I wrote a lot about Property between 2005 and 2010. I came to the topic as a new law professor because it struck me as something like constitutional law for the economy: the basic arrangement of power, cooperation, and legitimacy. The writing I did then was about how property law creates the terms on which people cooperate. By allocating the resources we all need to live, act, and pursue our projects, it sets up the scope of options and the bargaining power between, say, an investor and an entrepreneur, a business owner and an employee, a homeowner and an undocumented worker doing yard maintenance. The distribution of control over resources is also the distribution of control over lives—one’s own and others.’ It empowers people and, by the same token, makes us vulnerable to one another’s demands.

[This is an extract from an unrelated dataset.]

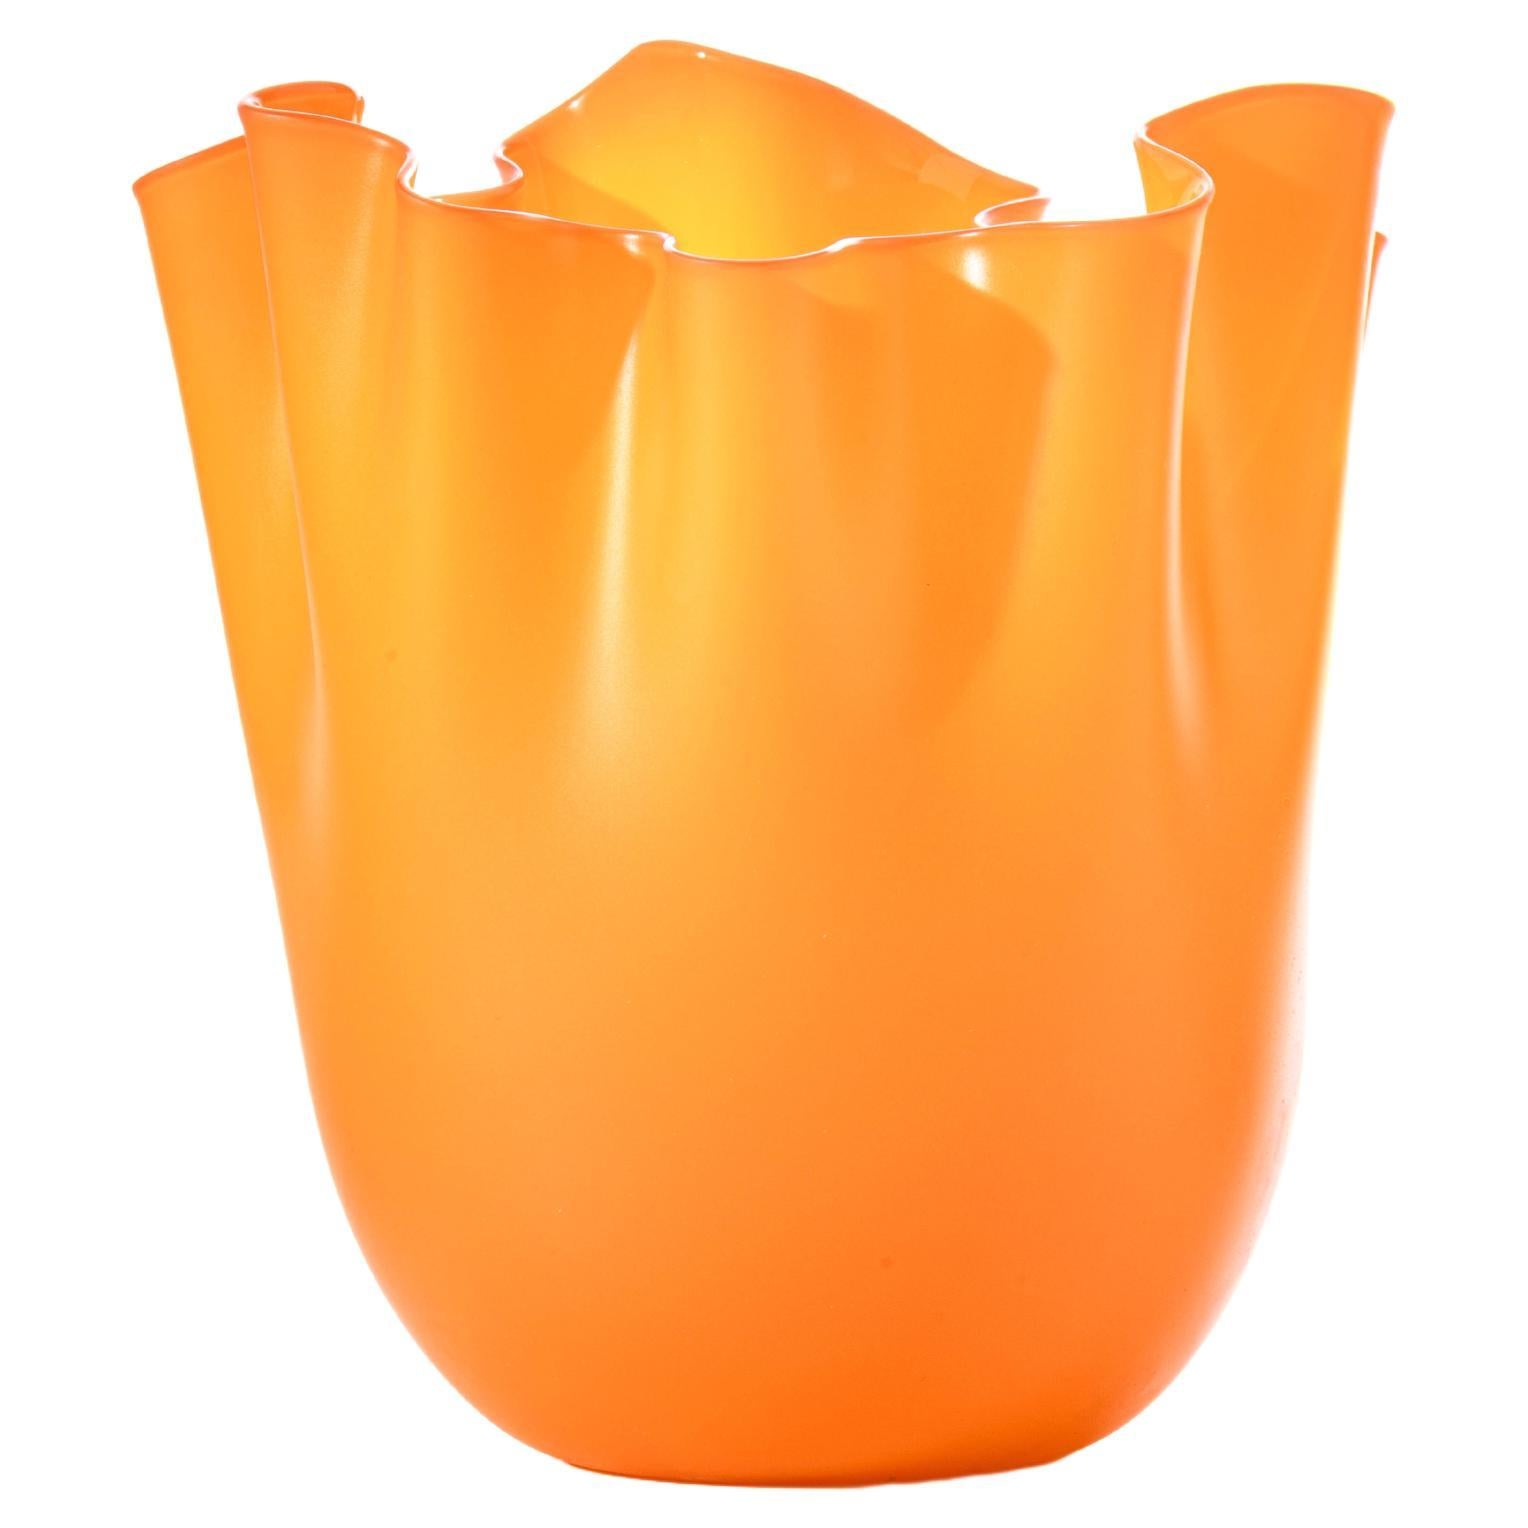 Fazzoletto Sabbiato Large Glass Vase in Orange by Fulvio Bianconi and Venini

Property law is often taught as a kind of elementary version of the theory of voluntary market cooperation generally: without ownership, we would fall into the tragedy of the commons, but with it we achieve both economic efficiency and autonomy-respecting uncoerced collaboration. I was interested in the underbelly of this theory: how the ideal landscape of free cooperation is in fact terribly uneven, marked by towers of wealth, highlands of security and capacity, and full of vulnerable lowlands, populated by people who mostly find they have to take what they are offered. The point was critical but also reformist—to look for places where different regimes could make the terms of cooperation more genuinely equal, which ideally would require people to enlist one another’s energy by appealing to their wishes more than to their fears—to make “an offer you can’t refuse” a slogan of joyful acceptance rather than unshakable threat. If the usual utopia of Property is Ronald Coase’s frictionless allocation of all resources to their wealth-maximizing uses, regardless of distributional results, I wanted to introduce an alternative utopia of truly voluntary cooperation, focused not first on the use of resources, but on the shape and tone of the human relationships that arise from a pattern of control over resources.